Classic stormwater sewerage also has a one-way water flow. The input to the system is rain over city surface and the associated marginal catchment area from which the water flows downhill into and though the city area. Stormwater drainage system act as dissipative structure by converting excess water energy (kinetic and potential) into turbulence, heat, and sound, what preventing erosion and reduce risk of downstream flooding and support order. System components (manholes, cascades) brake down high-energy flow into turbulent, lower-energy flows, reducing water velocity and power. By converting order energy (flowing water) into disordered forms (heat, turbulence), they increase local entropy, allowing the system to stay organized and manage water without failing. In essence, system scatters destructive energy, allowing the urban environment to function better under stress from rainfall. The runoff process is intermittent (stochastic) and largely uncontrolled, and is determined by the intensity of precipitation, the catchment area characteristics, and the gravitational potential energy of the drainage system. Therefore, it is very susceptible to the impact of climate change that alters precipitation regime. To manage flow it is often necessary to build retention basins and pumping stations. Stormwater system also has a treatment plant for purifying the collected water [7]. Since water flow only during rainfall system is not significant consumer of electric energy.

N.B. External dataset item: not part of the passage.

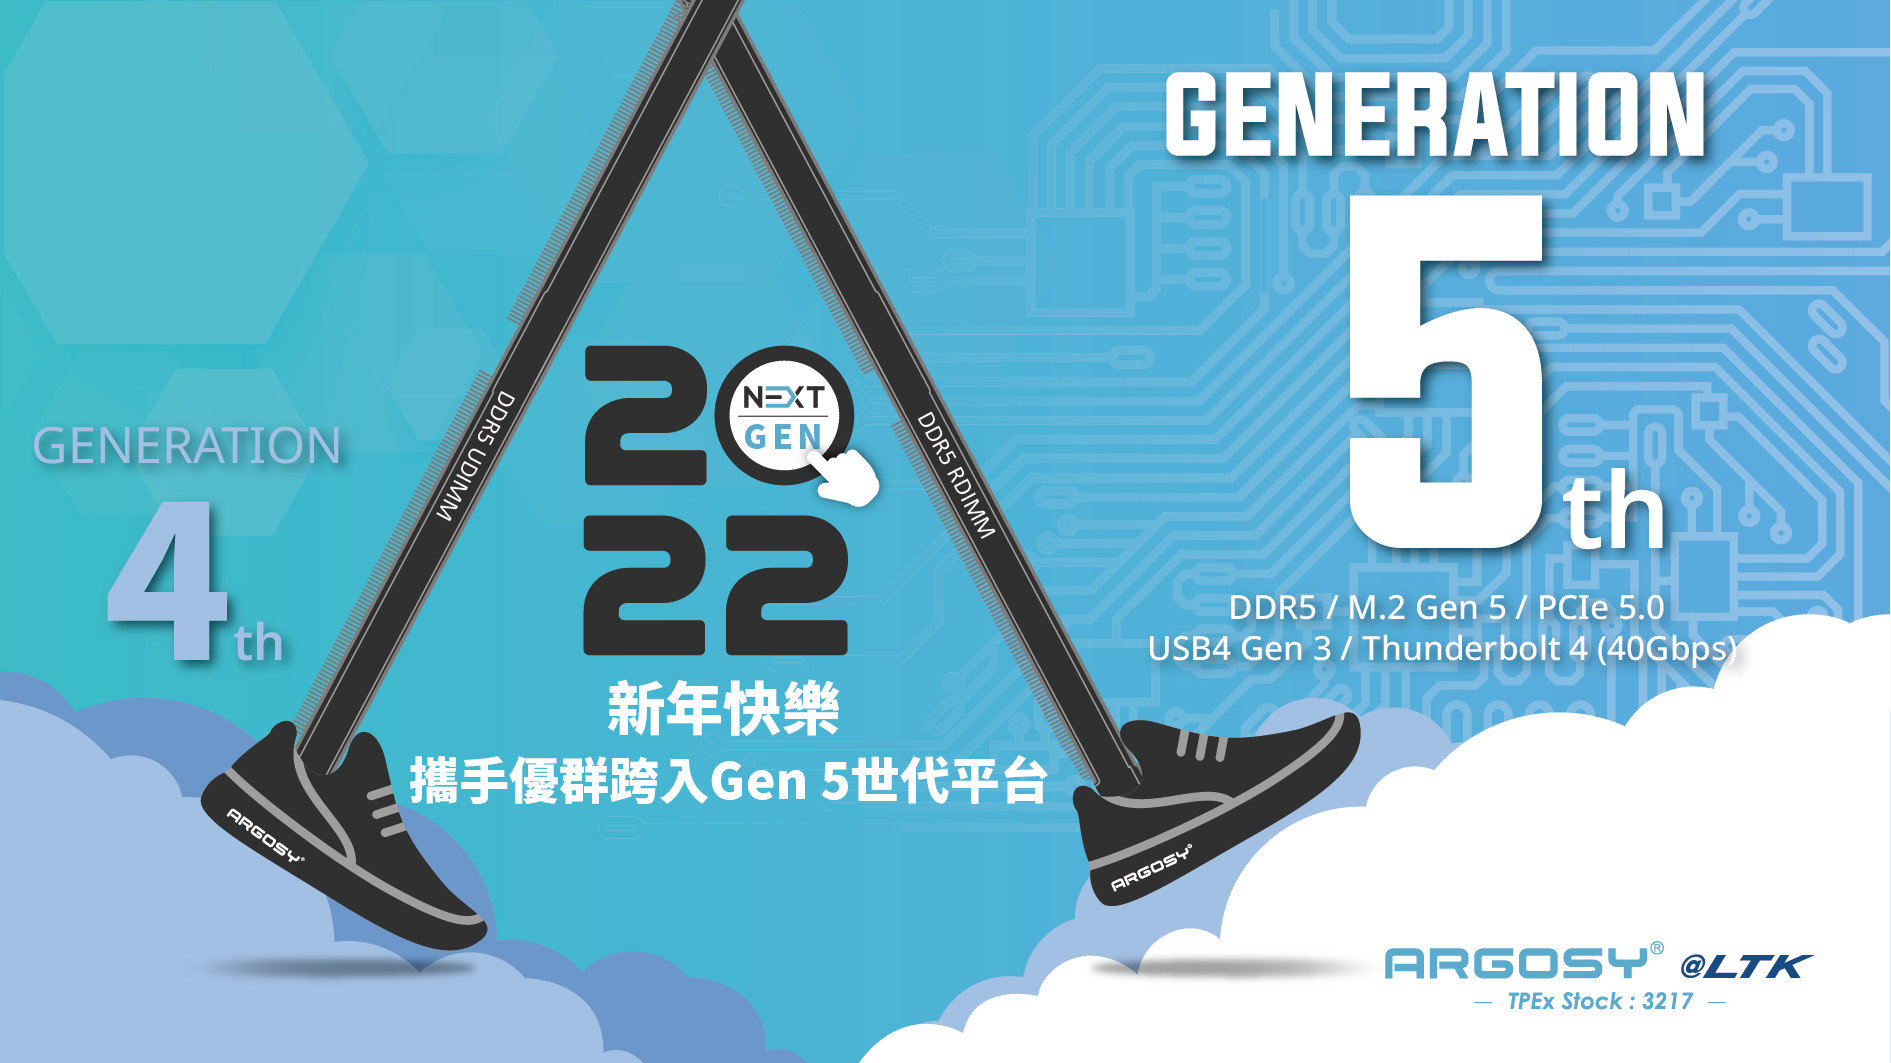 優群科技- 迎接 2022年 Gen 5世代平台-DDR5, M.2 Gen 5, PCIe 5.0, USB4, Thunderbolt 4

The urban water drainage system can be combined, separated or semi-separated type. In a combined system one pipe carries both sewage (foul water) and stormwater runoff, simpler but prone to overflows during heavy rain since wastewater and stormwater are drained through the same channels. These are old systems that are simple and cheap to build if wastewater discharge is not treated. Otherwise, due to the variable water flow and water composition, construction and treatment costs are high and complex to operate. Such systems are often found in the historical urban centers. The system is not very suitable for resource recovery primarily due to the changing water and quality of water regime (dry, rainy) and the treatment cost. The system is sensitive and vulnerable to climate change, and adaptation measures are more complex and are therefore no longer being built [8].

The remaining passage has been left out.